The industrial park at Kaesong has not fulfilled its promise, however: Hyundai’s dissolution forced the South Korean parastatal KOLAND to take over the project, and the North Koreans inexplicably failed to open the necessary transportation links to South Korea on their side of the demilitarized zone (DMZ). Hence the September 2002 initiation of activity on the northern side of the DMZ could be an important step in the take-off of the Kaesong industrial park.

In September 2002 the North Korean government announced the establishment of a special administrative region (SAR) at Sinuiju. In certain respects the location of the new zone was not surprising: the North Koreans had been talking about doing something in the Sinuiju area since 1998. Yet in other respects the announcement was extraordinary. The North Koreans announced that the zone would exist completely outside North Korea’s usual legal structures; that it would have its own flag and issue its own passports; and that land could be leased for fifty years.

To top it off, the North Koreans announced that the SAR would be run by Yang Bin, a somewhat shady Chinese—born entrepreneur with Dutch citizenship who was under investigation for tax evasion in China, and had reportedly fled to North Korea-though he does not speak Korean—during two previous investigations. (Among his various business interests, Yang operates a Dutch-style village in Shenyang complete with a windmill and imitations of Amsterdam buildings. Kim Jong-il, who knows a thing or two about fantasylands, has visited it himself.) At the time of Yang’s appointment, trading in shares of his firm, Euro-Asia Agriculture Holdings, had been suspended on the Hong Kong stock exchange after crashing on the suspicion of fraud. When asked about Yang’s appointment, China’s Foreign Ministry spokesperson declined to endorse it. To paraphrase Senator Lloyd Bentsen’s memorable line from the 1988 US Vice Presidential debate, “Mr. Yang, you are no Tung Chee Hwa.” Indeed, Mr. Yang was subsequently arrested by Chinese authorities. Whether the zone will survive his arrest remains to be seen.

Assuming that these are mere growing pains, the question arises as to how important the Sinuiju SAR may prove to be. It should promote economic integration between North Korea and China, though one should keep in mind that China is a big place and that the most economically dynamic parts are in the southern coastal areas far from North Korea. But the North Korean economy is so far down that even integration with a comparative backwater like Dandong could be a boost.

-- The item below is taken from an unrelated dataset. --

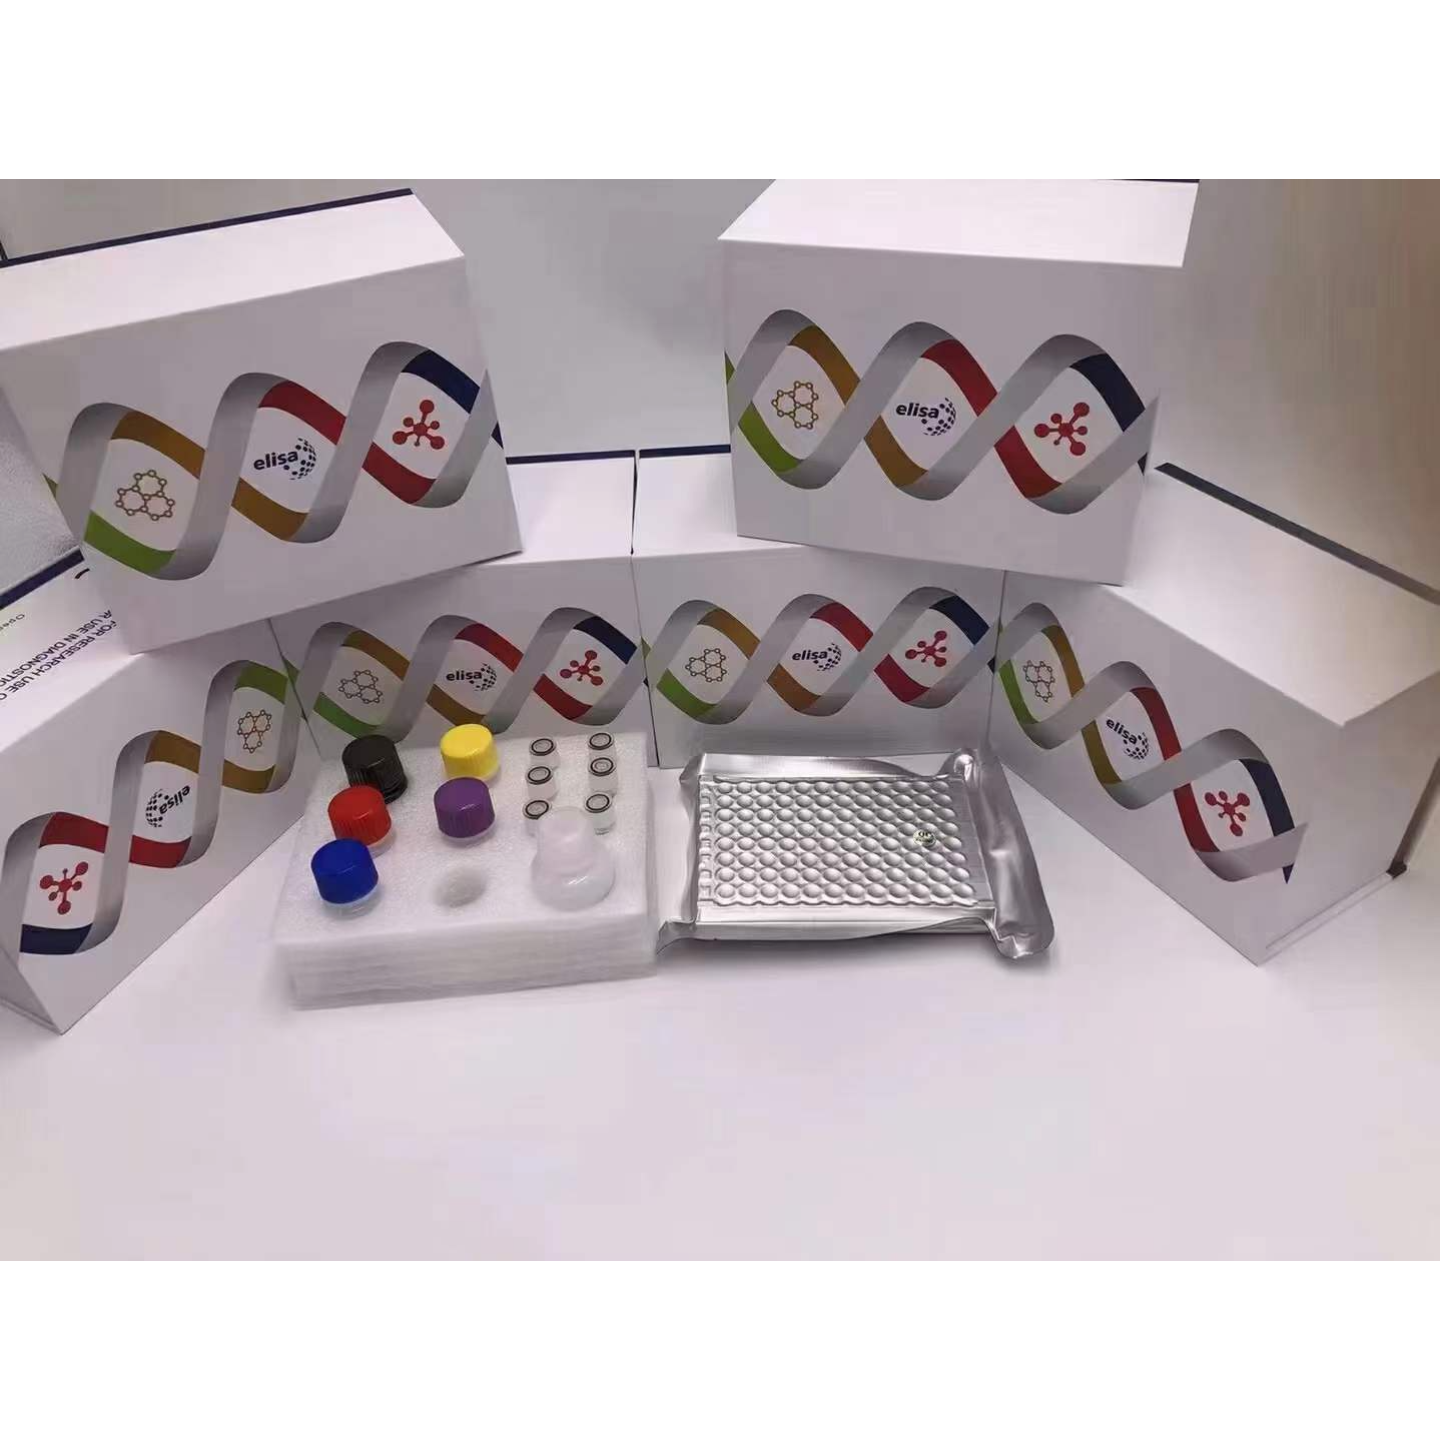 天合昆泰科技凝血酶原（PT） ELISA Kit 酶联免疫法 生物试剂盒

More important is whether the SAR will generate any spillovers. In conventional terms this will depend on whether any lessons from the Sinuiju SAR experiment are generalized to the rest of the economy. (One ray of hope in recent events is the removal of the less than 50 percent foreign ownership ceiling in joint ventures.) More subtly the SAR might have a positive impact if internally it is regarded as giving Kim Jong-il’s unimpeachable imprimatur to the reform process. Bureaucrats and factory managers who have been reluctant to get ahead of the leadership may take this as a sign that change is safe. Conversely, by taking the SAR completely outside of the normal North Korean governing structures, Kim Jong-il can in effect end-run the party and the bureaucracy, and manage the zone directly out of his office.

Uncle Junichiro…

Meanwhile, as exciting as the establishment of the Sinuiju SAR might have been, its long-run significance is probably less than that of an event that had occurred the previous week—a meeting in Pyongyang between Kim Jong-il and Koizumi Junichiro, a manifestation of the fourth component of the economic plan, passing the hat.

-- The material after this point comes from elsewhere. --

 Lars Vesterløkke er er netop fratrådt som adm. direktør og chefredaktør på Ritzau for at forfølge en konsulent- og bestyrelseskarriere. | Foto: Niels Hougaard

At the first-ever meeting between the heads of government of Japan and North Korea, Kim stunned the world by baldly admitting that North Korean agents had kidnapped 12 Japanese citizens and that most of the abductees were dead. Each of the leaders then expressed regrets for their countries’ respective historical sins and agreed to pursue diplomatic normalization. It is expected that normalization will be accompanied by a large financial transfer from Japan to North Korea in the form of grants, subsidized loans, and trade credits. Japanese officials have not denied formulas reported in the press that would put the total value of a multiyear package at approximately $10 billion, despite the shaky state of Japanese public finances. Taking inflation, changes in the value of the yen, differences in population size, and other factors into account, this sum would be in the ballpark of the transfer that Japan made to South Korea in 1965 when the two countries normalized relations. Given the puny size of the North Korean economy, this is a gigantic sum. The critical issue for North Korea is whether these talks will proceed rapidly enough to generate aid inflows before the dislocations of marketization begin to bite. Given the Japanese public’s revulsion at the disclosure of the probable murders of some of the abductees, the process of normalization may be more protracted than either the North Korean or Japanese governments expected.

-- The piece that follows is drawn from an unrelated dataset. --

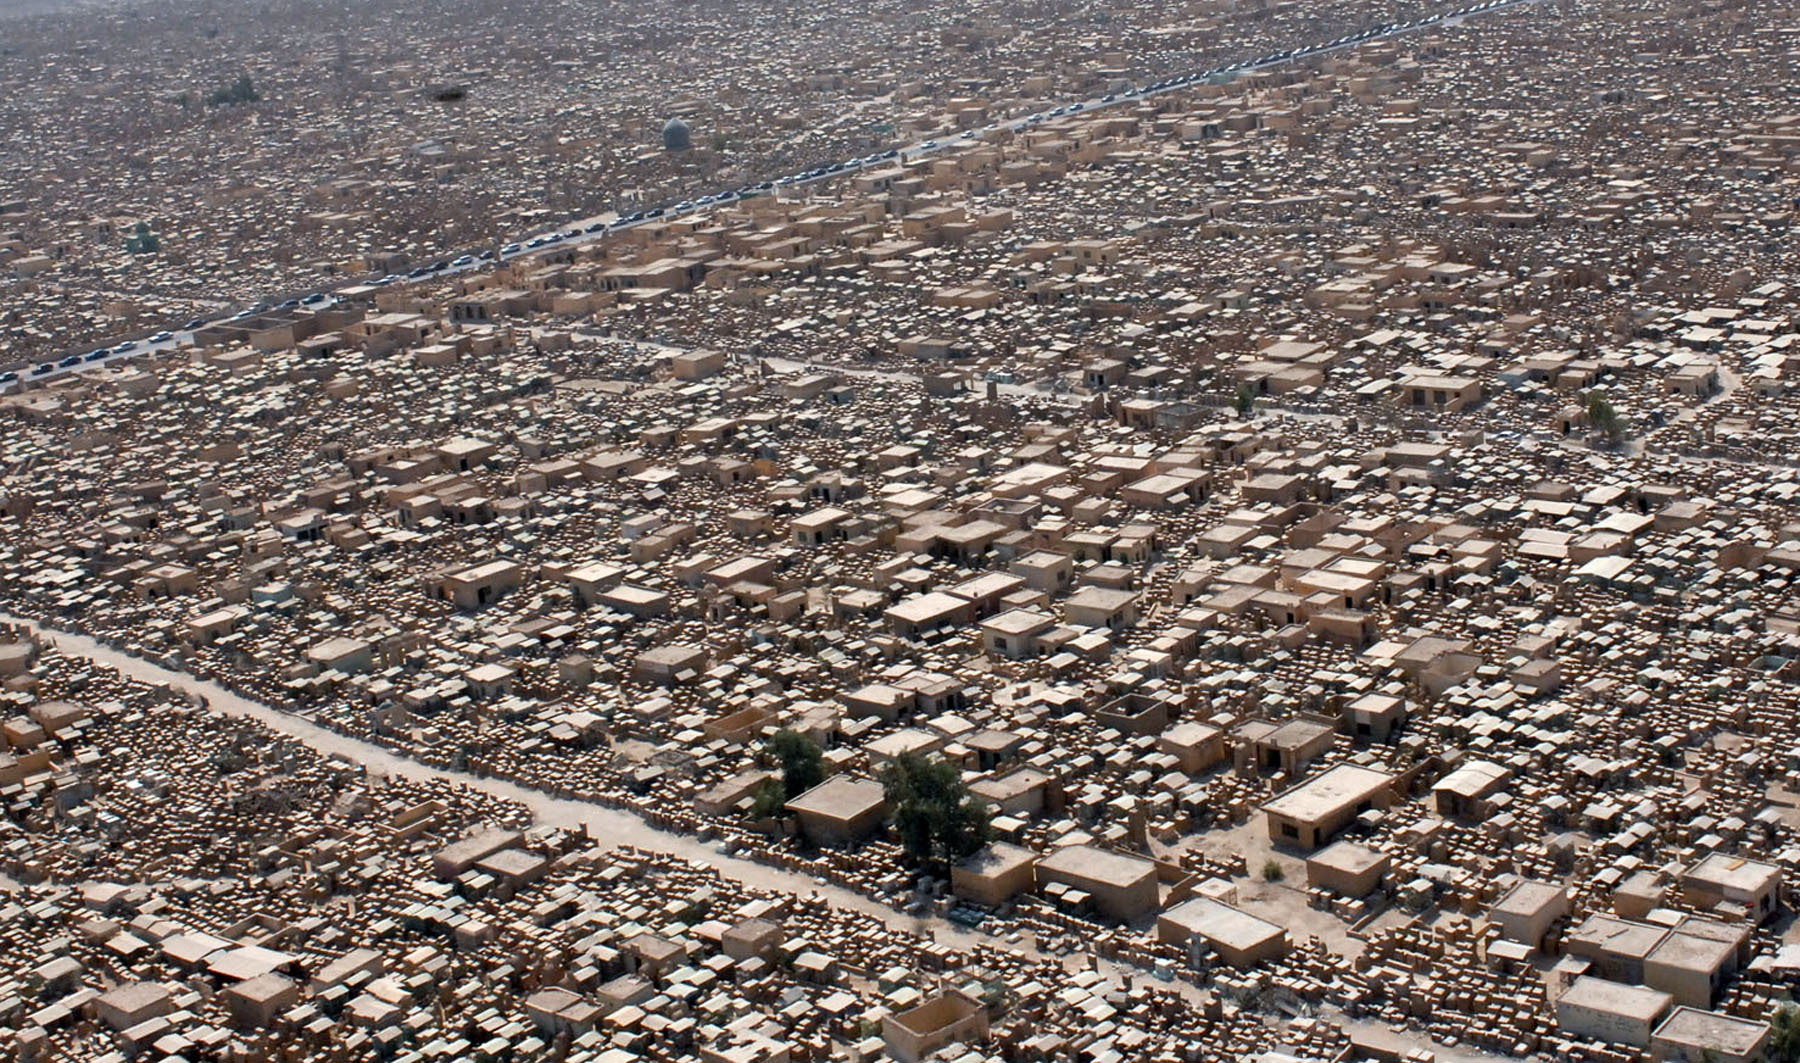 Wadi Al-Salaam, cel mai mare cimitir din lume

In connection with this process, there are rumors that the North Koreans intend to establish yet another special economic zone on the east coast, to be oriented toward Japan. Discounting the failed zone at Rajin-Sonbong, this would give the North Koreans three special economic enclaves, one oriented toward South Korea, one toward China, and one toward Japan, diversifying their portfolios so to speak. Again, given the centrality of politics to North Korean thinking, they may well envision playing the three off against each other. In the long run, however, it is integration with South Korea that will be critical to the development of the North Korean economy.

Uncle Sam

The Koizumi visit amounted to a kick in the pants to the Bush Administration. It brought to a head the disagreement between the hawks and the moderates in Washington. Assistant Secretary of State James Kelly was sent to Pyongyang with greater alacrity than he otherwise would have had. With its two allies in Northeast Asia moving forward with engagement, the “Axis of Evil” characterization will become increasingly difficult to sustain, and the United States will find its options more constrained.

For example, North Korea’s membership on the list of state sponsors of terrorism prevents the United States from supporting the DPRK for membership in international financial institutions such as the International Monetary Fund, World Bank, or Asian Development Bank. The North Koreans have fulfilled most of the terms set out by the Clinton Administration to secure their removal from the list. A major sticking point has been third-party claims by Japan associated with the Japanese Red Army hijackers and the abductees. If the hijackers are returned to Japan and the North Korean and Japanese governments resolve the abductee issue as now seems likely in the near future, a major obstacle to North Korea getting off the list of state sponsors of terror will have been removed. While it is quite possible that the Bush Administration will insist on keeping them on the list and barring their entry into the international financial institutions, this position will be increasingly hard to sustain in the face of South Korean and Japanese objections.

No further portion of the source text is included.